TASK ITEM —
Nothing but the text should be carried over: reproduce all the data exactly and leave out every image.

GIVEN DATA —
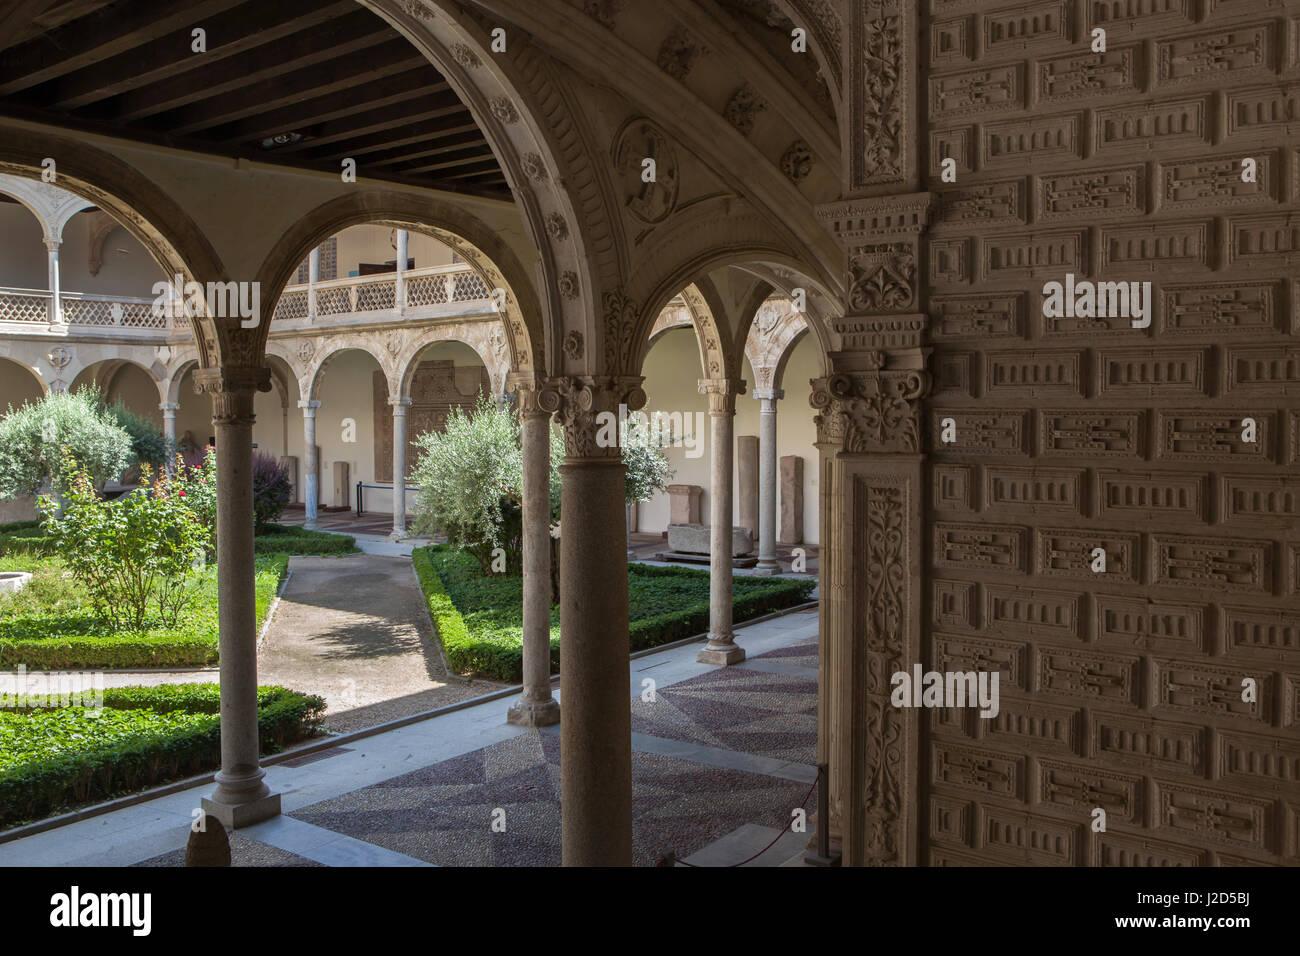 Noble Cloister of the former Hospital de Santa Cruz designed by Spanish Renaissance (Plateresque) architect Alonso - Stock Image
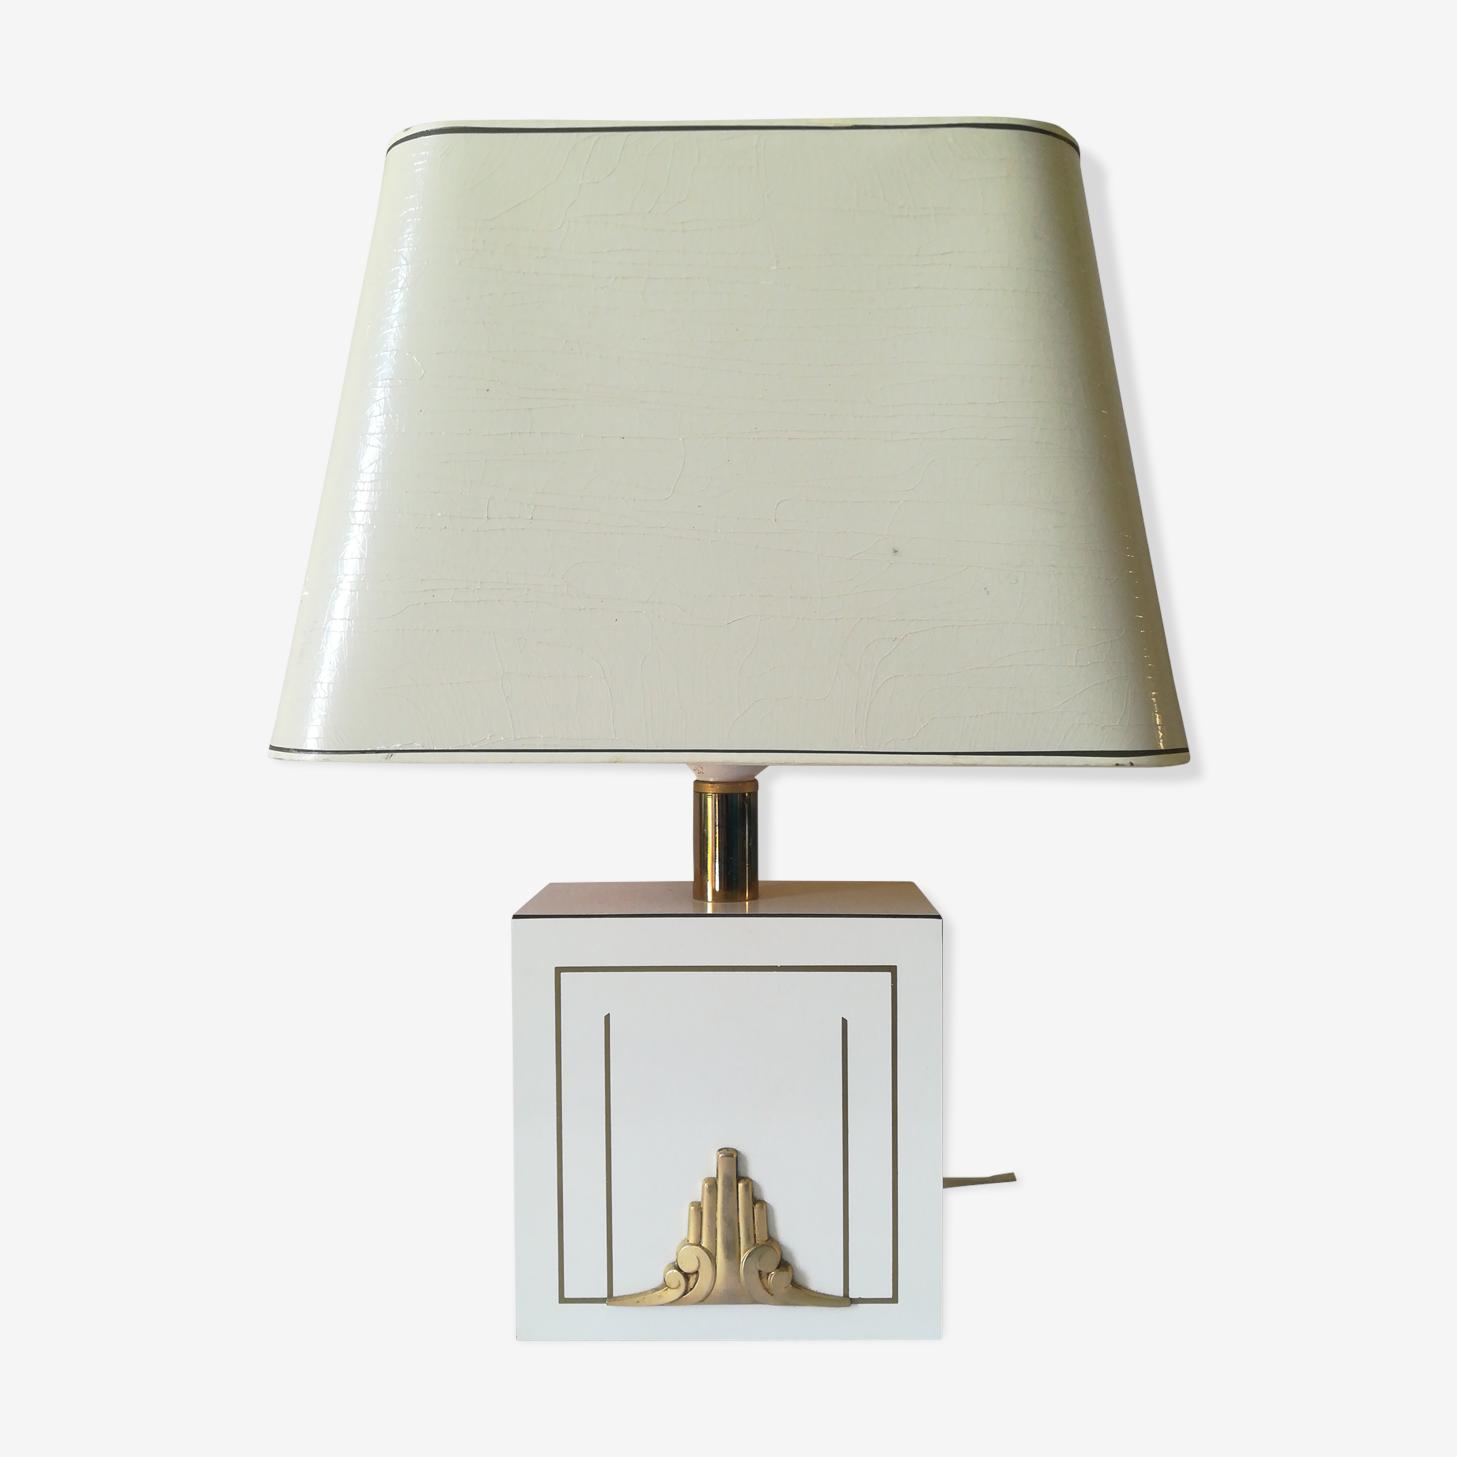 Lampe style Hollywood Regency
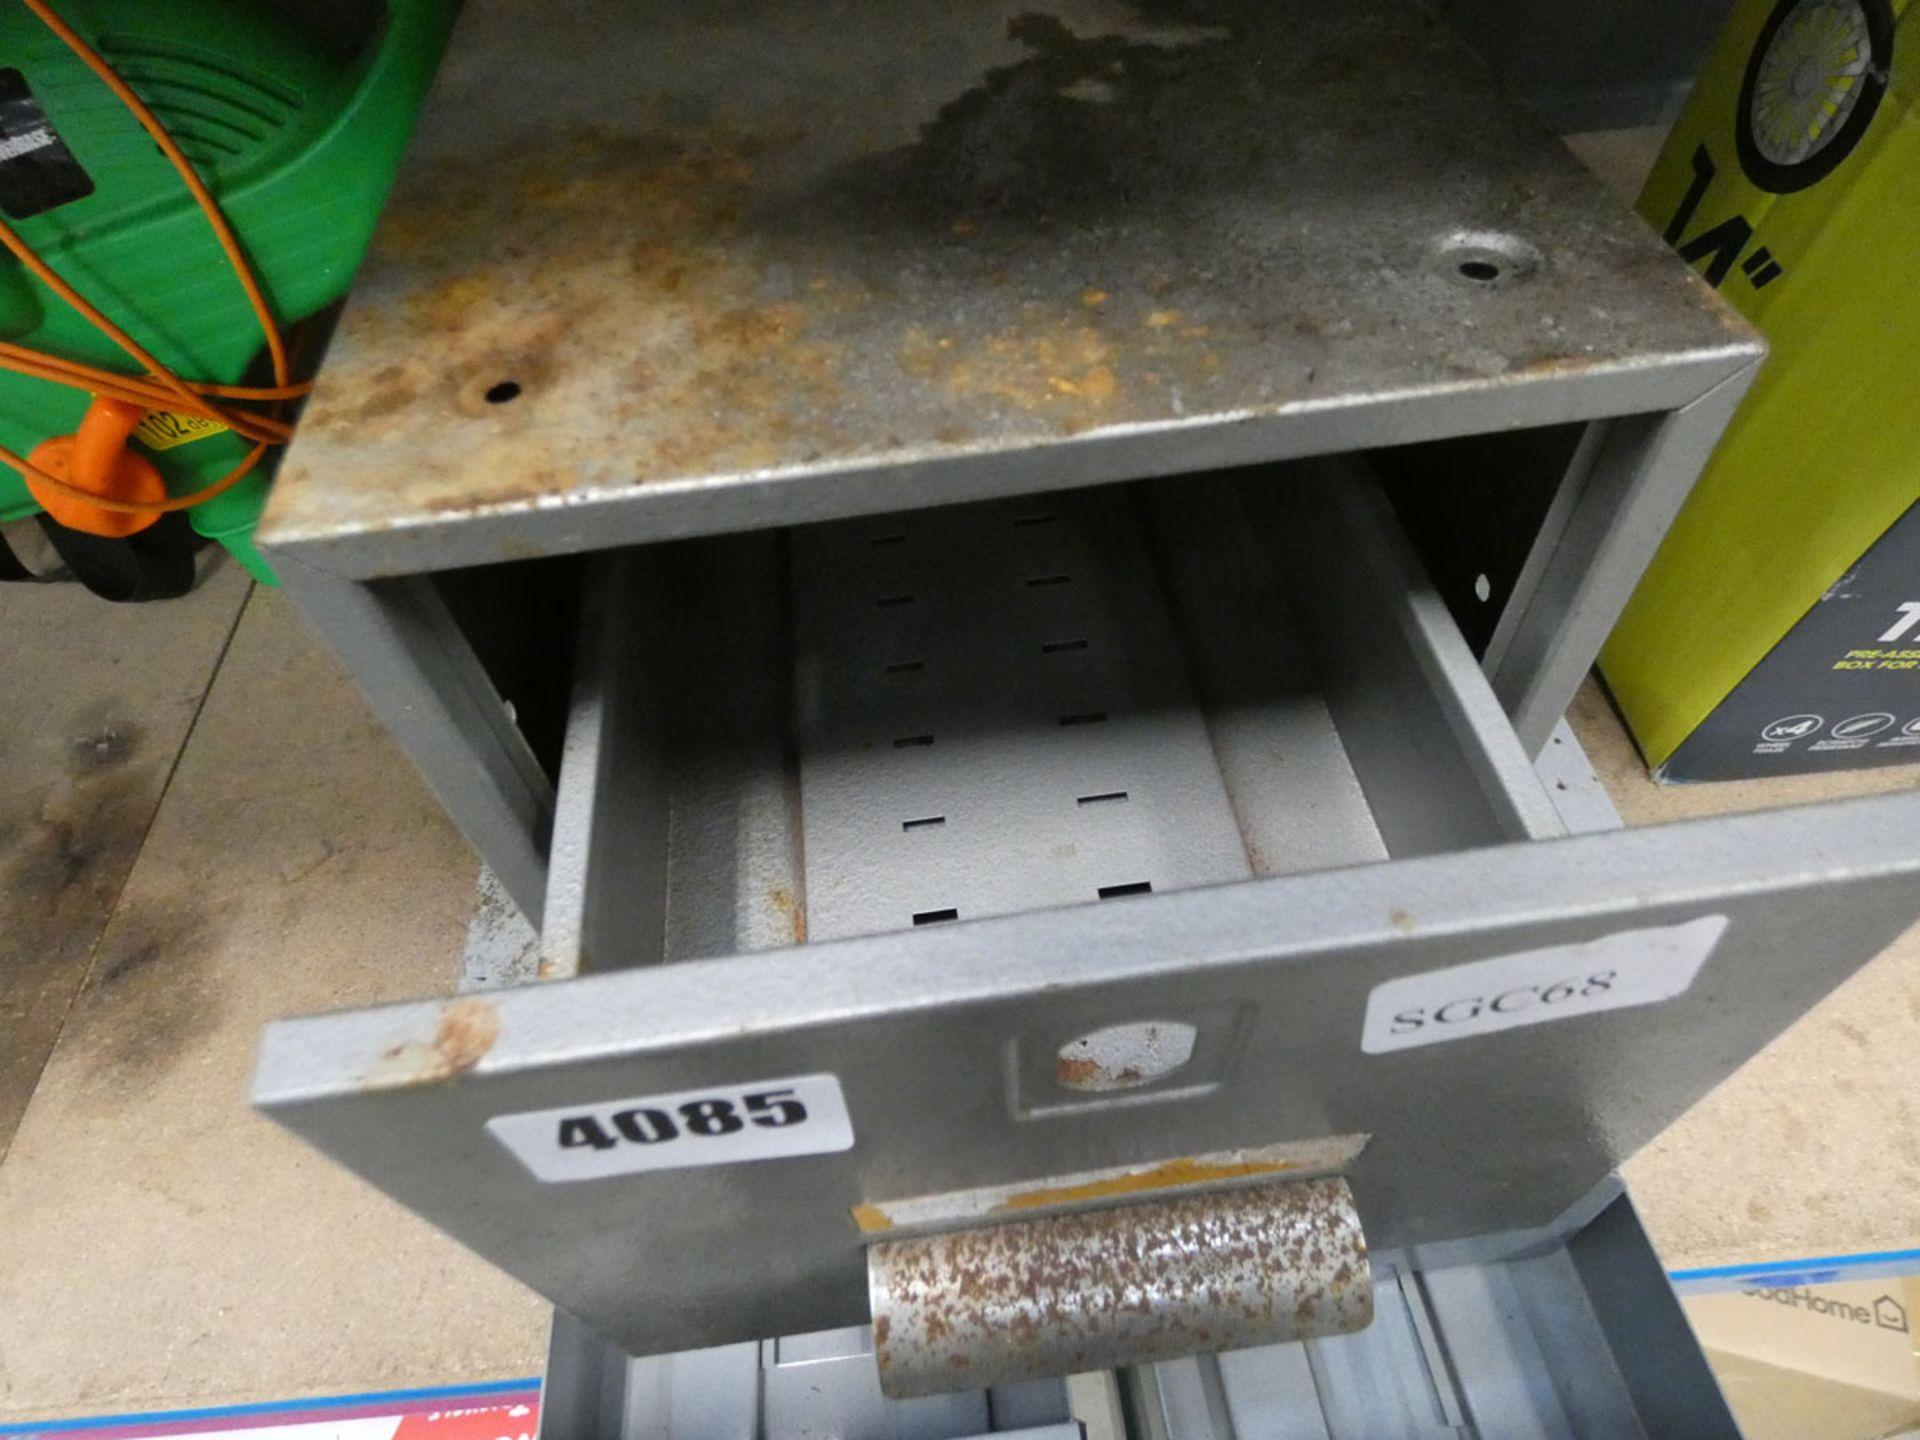 2 metal file card trays - Image 2 of 3
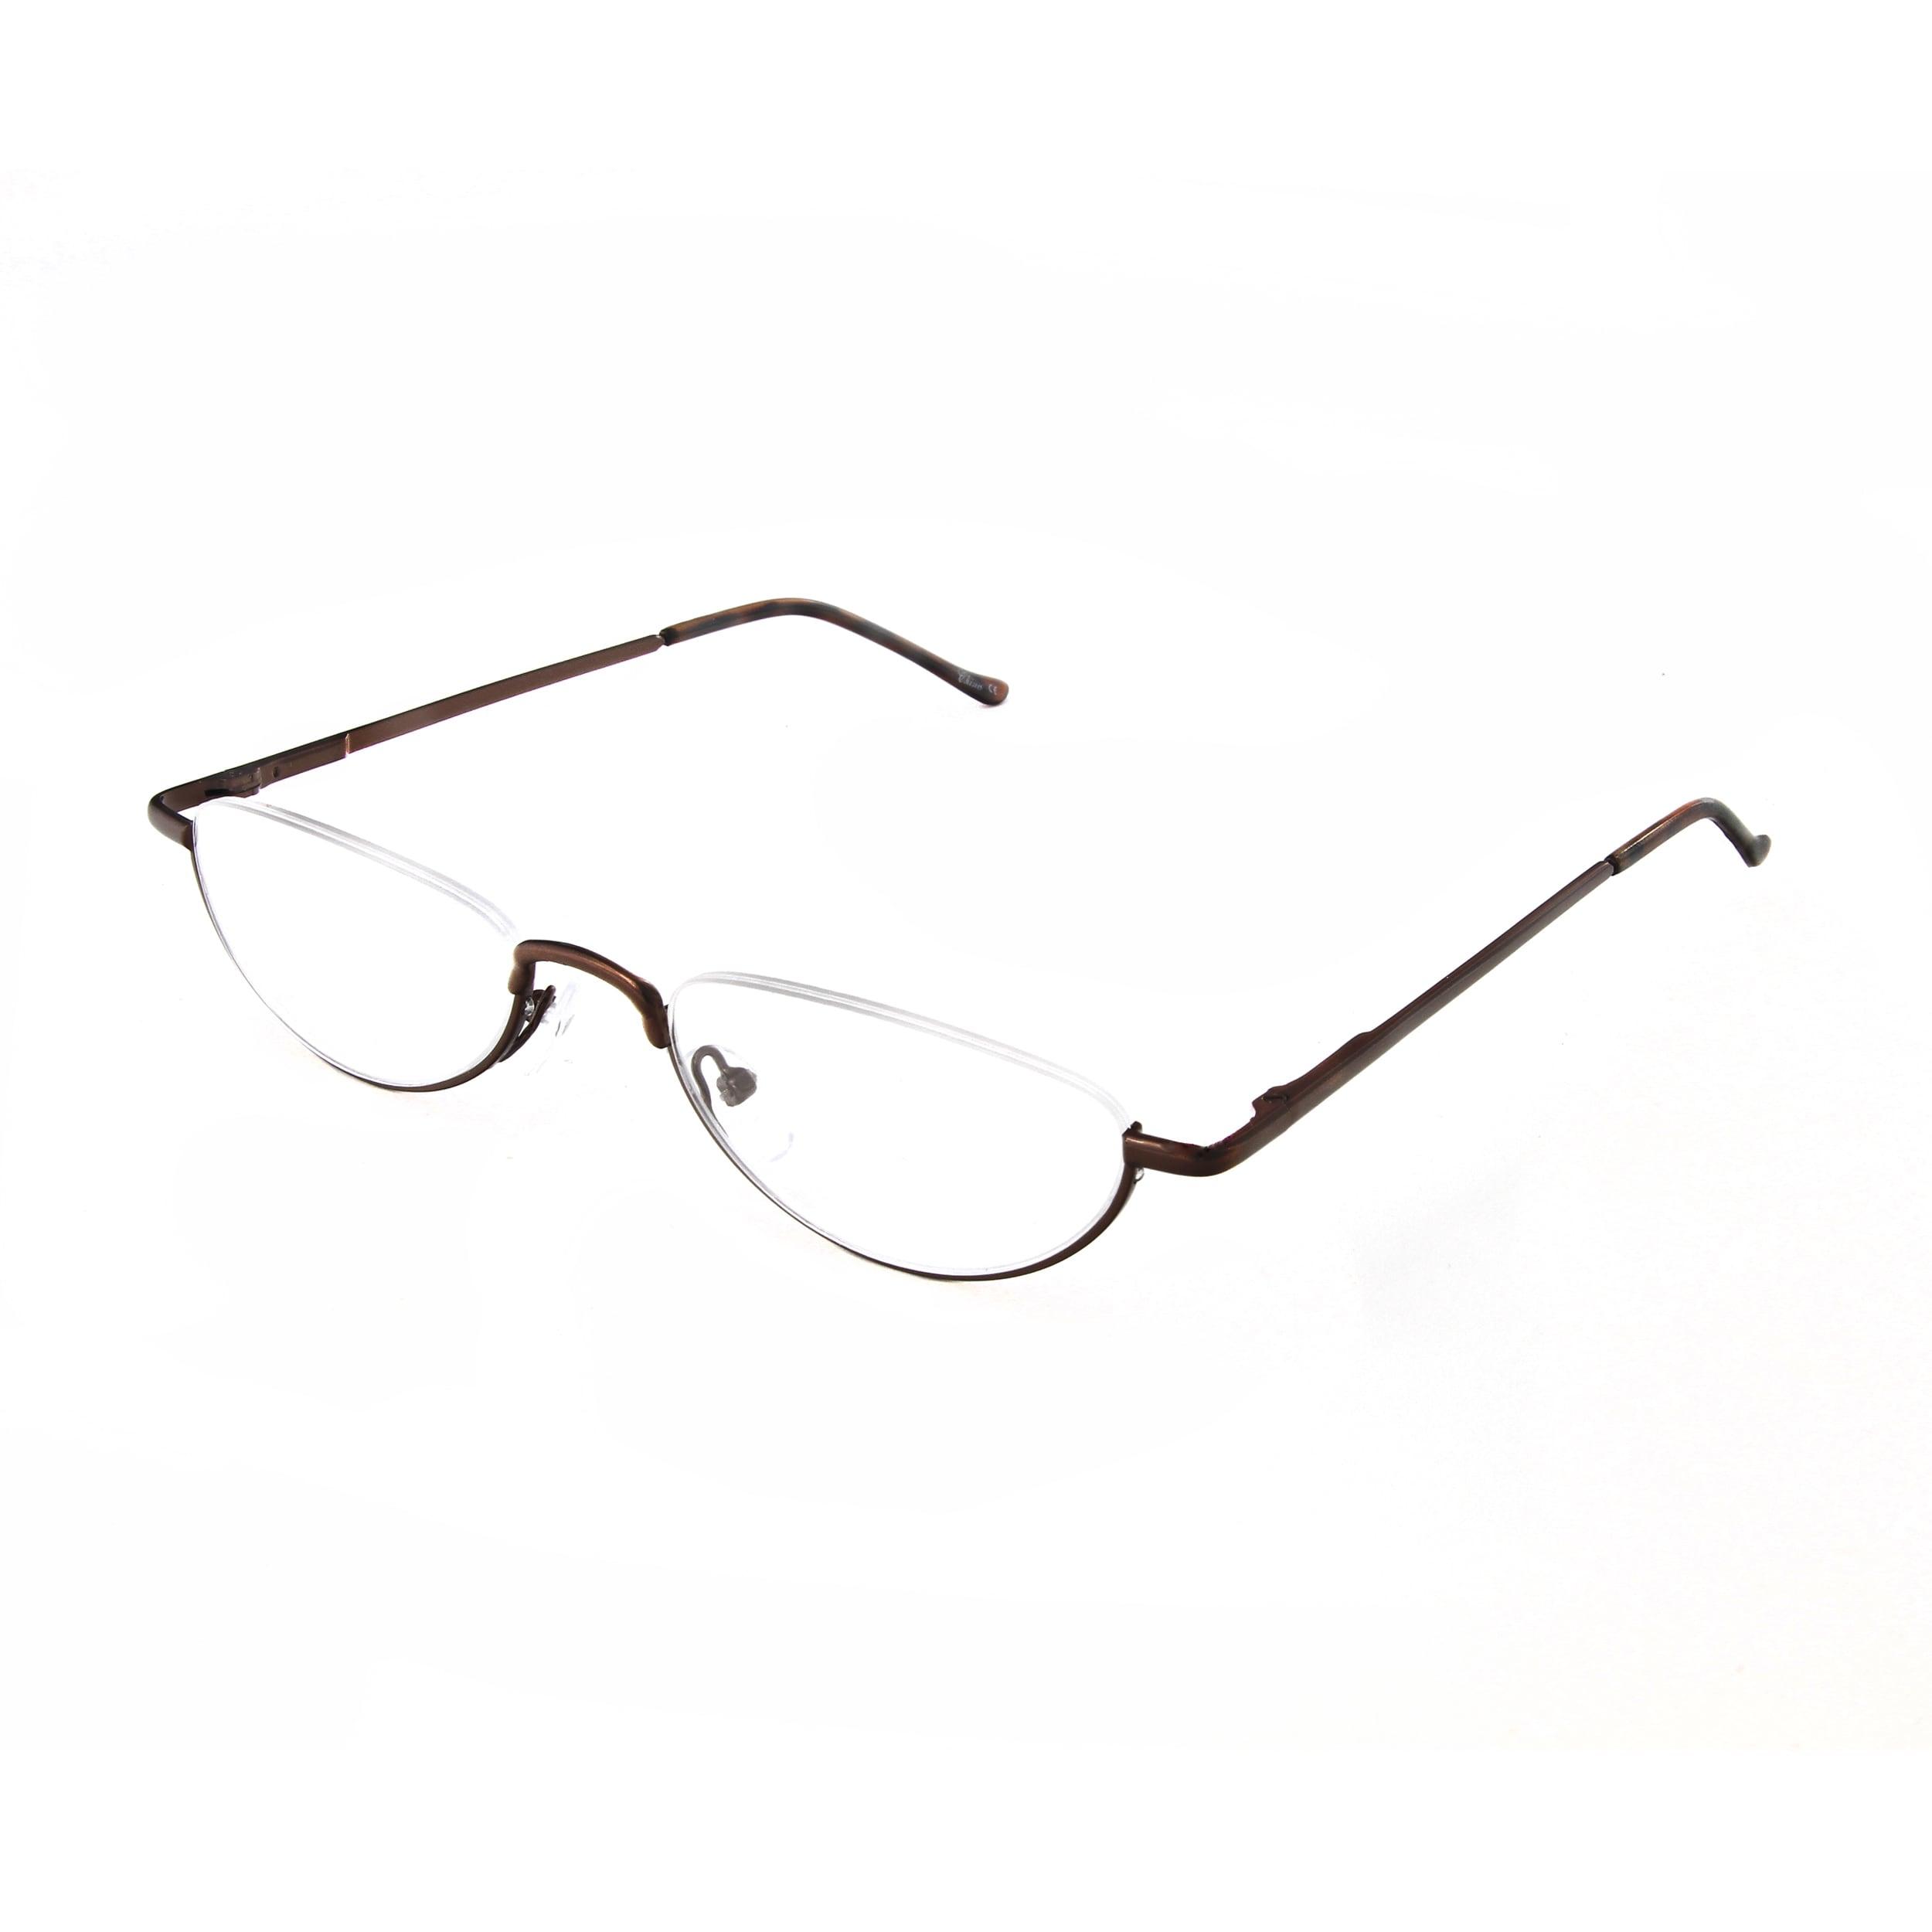 8b4305b3183a Shop Hot Optix Unisex Oval Semi-rimless Reading Glasses - Free ...

RESULT OF THIS TASK —
 Noble Cloister of the former Hospital de Santa Cruz designed by Spanish Renaissance (Plateresque) architect Alonso - Stock Image
 Lampe style Hollywood Regency
 2 metal file card trays - Image 2 of 3
 8b4305b3183a Shop Hot Optix Unisex Oval Semi-rimless Reading Glasses - Free ...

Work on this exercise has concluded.